Compared to, say, Barcelona, there’s not a lot to do in Florence, at least not available — or advertised, anyway — to us tourists. In Barcelona, we went to the movies in our neighborhood three times, all to newly released American films with Spanish subtitles. Does that sound boring to you? It wasn’t. It was interesting, us laughing at “Nope” while the Catalans in the audience must have figured, maybe this part doesn’t translate.
But here, the only place like that didn’t screen until 9 p.m. Sculpture, art, medieval architecture — we had that in spades. But in those venues, you heard more English than Italian spoken. It was the Ghetto of the Center, as they call the old part of the cities in these parts.
So yesterday, Alan spelunked way down on the internet, and found a place we could check out. It was the Manifattura Tabacchi, an old cigar factory being, um, revitalized. We took two buses to get there and found a place that’s still getting going. There was lovely signage, a place to have a drink — there’s always a place to have a drink — but not a lot else. This sight is familiar to anyone from Detroit:
Yeah, that loft living will be a while getting here, sorry about that. But at least we were out of the Center. Wandering back to the bus stop, we heard thumping techno music, and what appeared to be a crowd of people gathering a block or two away. So we checked it out, and came upon a parade of trucks carrying gas-powered generators, powering ear-splitting speaker arrays, each blasting the sort of generic techno you can hear every year at the Movement festival in Detroit: WHUMP thumpa WHUMP thumpa WHUMP thumpa, etc., each truck followed by a dancing crowd of young people dressed in goth black, tatted up, technicolor hair, the usual.
In between the trucks, people pushing wheelbarrows advertising BIRRA for two Euro — I told you, you can always get a drink — and then the next one would roll by. It was, we would later learn, the Wish Parade. Run this page through your English translator and you get an idea:
The Wish Parade will wind through the streets of the city, an event organized by the Florentine collectives two years after the entry into force of the ‘anti-rave decree’. The street parade, which will begin on April 27 at 4 p.m., aims to bring a note of color and music to Florence. It will start from Via Forlanini to end at the Ernesto de Pascale Amphitheatre passing through Piazza Giacomo Puccini, Ponte alle Mosse Puccini, Porta al Prato, Ferris wheel, Lincoln avenue, Quercione avenue and Aeronautica street.
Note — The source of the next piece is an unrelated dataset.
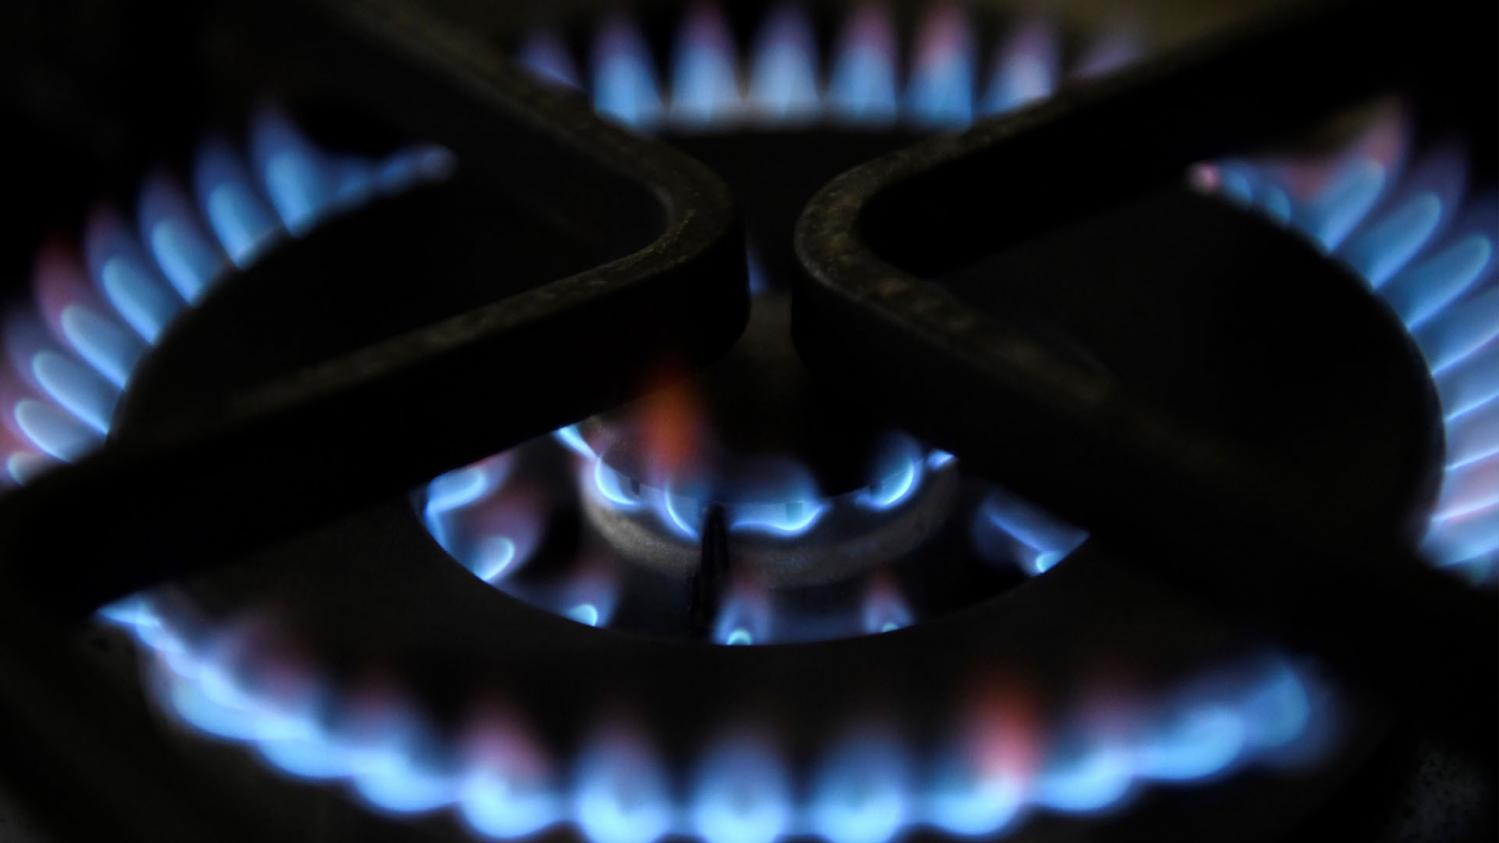 Le médiateur de l'énergie veut interdire le démarchage à domicile pour les contrats de gaz et d'électricité

“In a city that is increasingly hostile to its inhabitants – we read in the widespread note – we feel the need to give a signal of presence, claiming our practices as an active part of the social and cultural fabric of the city. Florence is not only mass tourism but also a forge of ideas, initiatives, connections and networks that work every day to stay united and give an alternative to the commification of the city. We want to dance and sound the city to make our voice heard.”
Of course it had its detractors:
Of a different opinion Sheila Papucci, candidate for the city council for Fratelli d’Italia.
“The so-called artistic event – attacks Papucci – will be nothing but a traveling rave party, a discomfort announced for the Florentines between deafening music, paralyzed traffic. They will take to the streets complaining that they do not have the right to be able to meet and express themselves when in reality it will be totally the opposite”.
Papucci adds that it is an event “marked by excesses: we have already seen them in previous editions, when the procession passing through the center scared tourists and families” underlining that “Florentine citizens will have to endure situations of disorder and an increase in urban degradation with which our city is already saturated, together with a widespread disturbance of public quiet throughout the afternoon and Saturday evening”.
Oh, relax, Sheila. It was just some kids having fun. And two tourists, at the very least, weren’t scared. We followed it for a while, until we figured it was time to peel off and head home, only Sheila was right about one thing: The traffic was paralyzed. It took forever to get back to the apartment. We ended up on a packed tram, but made it in one piece.
You’ve probably heard someone, at some point in your life say, “I don’t want to be a tourist. I want to be a traveler.” I’ve come to think of the difference as similar to the one that distinguishes pornography from erotica, i.e. if it turns you on, it’s porn, if it turns me on, it’s erotica. If I’m doing it, it’s traveling. You? You’re just a tourist.
Well, most of this week has been tourism. But the Wish Parade felt more like travel.
Today we climbed the hill to the Piazzale Michelangelo, definitely tourism. But the view from the top was worth it:
Clarice Starling: Did you do all these drawings, Doctor?
Hannibal Lecter: Ah. That is the Duomo seen from the Belvedere. Do you know Florence?
CS: All that detail just from memory, sir?
HL: Memory, Agent Starling, is what I have instead of a view.
A similar view. The Belvedere was off to the left.